Тем временем речь зашла о Барсике. Барсиком в семье звали Вариного прадеда, знаменитого инженера, изобретателя и кинорежиссера. Мне случалось видеть его фотографию: это был высокий, седой, мягко смотрящий через круглые очки аристократ, к которому прозвище «Барсик» вроде бы не шло. Тем не менее Николь Григорьевна, Ольга и Варвара называли его только Барсиком, и в удивительном мире Вариной семьи здесь чувствовалась какая-то сказочная логика. История, которую рассказала Николь Григорьевна, меня поразила. Разумеется, я не помню всех ее слов и выражений, так что могу передать рассказ только на свой лад и своими словами.

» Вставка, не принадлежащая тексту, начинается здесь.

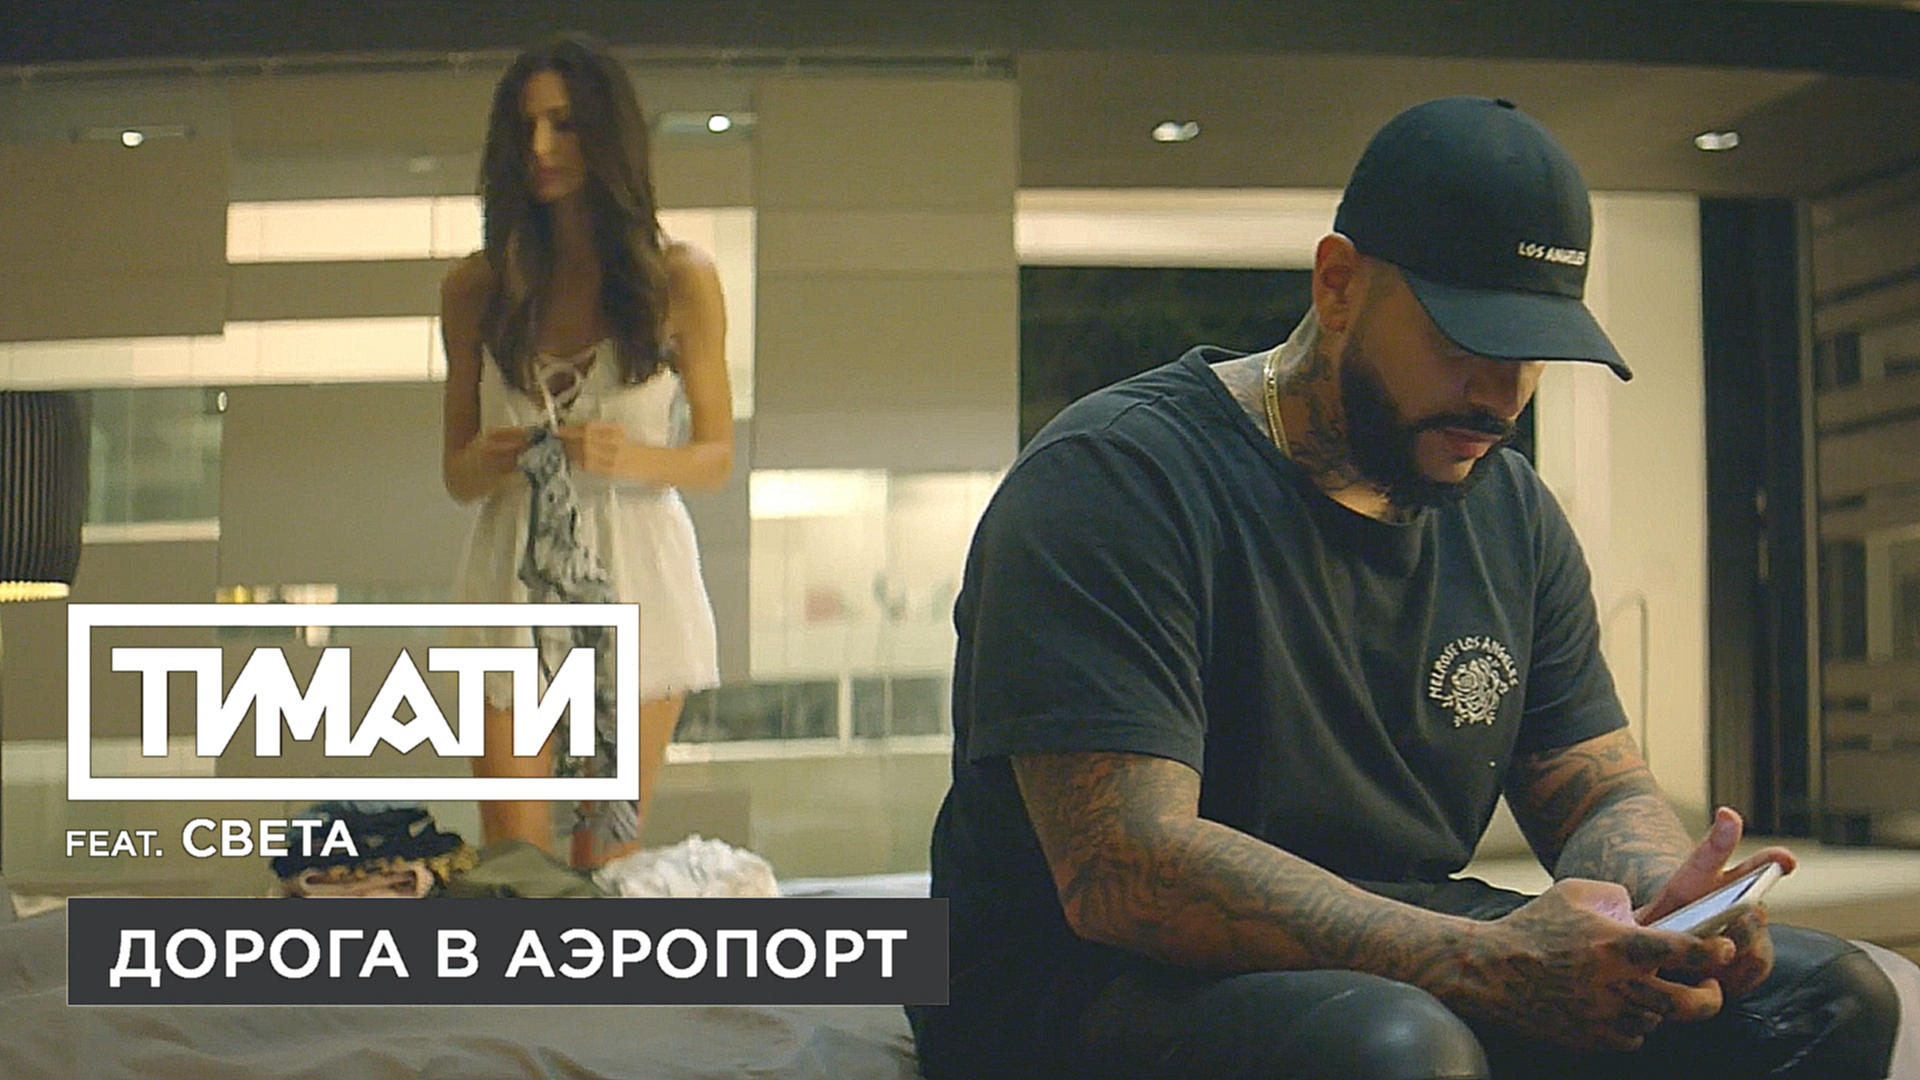 Тимати feat. Света - Дорога в аэропорт (премьера клипа, 2017) - видеоклип на песню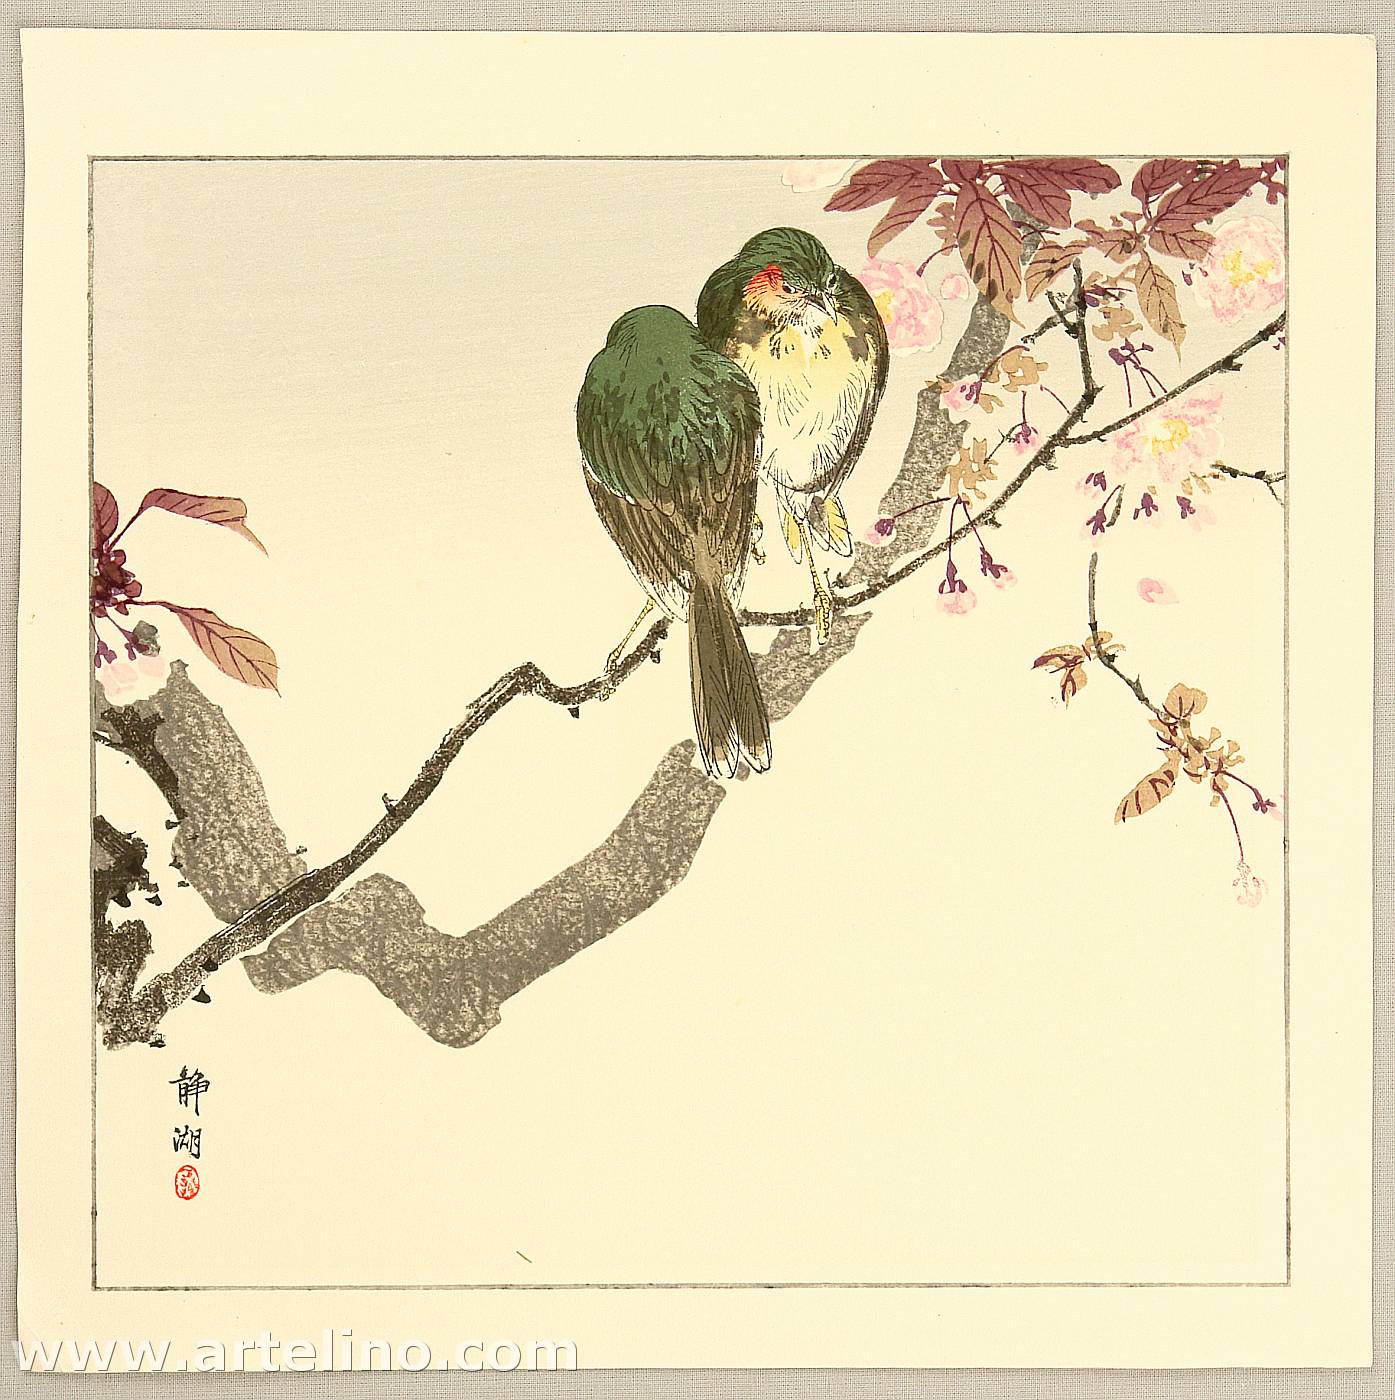 Seiko: Green Bird on a Branch - Artelino - Ukiyo-e Search

Их было шестеро: четыре парня и две девушки. Они жили в огромном барском доме на окраине Харькова. Молодым людям и двадцати не было, все они сражались на Южном фронте в рядах Красной армии, но Деникин был разбит, и они готовились построить счастливую жизнь, погибнуть за нее, любить и постигать небывалое. Девушки ухаживали за больными и ранеными в госпитале, Яков Сажин вел политзанятия с красноармейцами, Владислав Крохмаль чертил устройство разрывных снарядов, Дмитрий Зальм днями напролет занимался вольтижировкой, а Барсика назначили начальником Особого отдела Реввоенсовета.
Город осторожно оживал, блестел свежевставленными окнами, дразнил ветер кричащим кумачом.
Собираясь в зале, коммунары читали стихи: Блока, Боброва, Бенедикта Лившица, чаще наизусть. Хорошо звенели строки в опустевшем пространстве: даже штор на окнах не осталось. Под окном стоял на полу чумазый самовар. Стихи были крепче армейской заварки.
Как-то Сажин надолго застрял в городе, вернулся ночью, перебудил всех. Казалось, на радостях человек ума лишился:
– Ребята! Товарищи! Что я узнал, вы упадете.
– Мы вообще-то и так лежали, – мрачно возразил Крохмаль.
– В лечебнице для душевнобольных здесь держат знаете кого? Велимира Хлебникова! Футуриста. Можете вообразить? Он там сидит, как в застенке.
Повскакивали с постелей, укутавшись одеялами, набились в комнате у Крохмаля. Здесь, в Харькове, прямо сейчас находится прославленный поэт, с ним можно увидеться, даже поговорить, послушать его стихи. Барсик обязан завтра же отправиться в лечебницу и по своему мандату спасти поэта. Пусть живет здесь, в усадьбе, с коммунарами. Они будут за ним ухаживать, кормить, одевать, что угодно! Мысль о том, что Хлебников не захочет жить с незнакомыми людьми, никому не приходила в голову.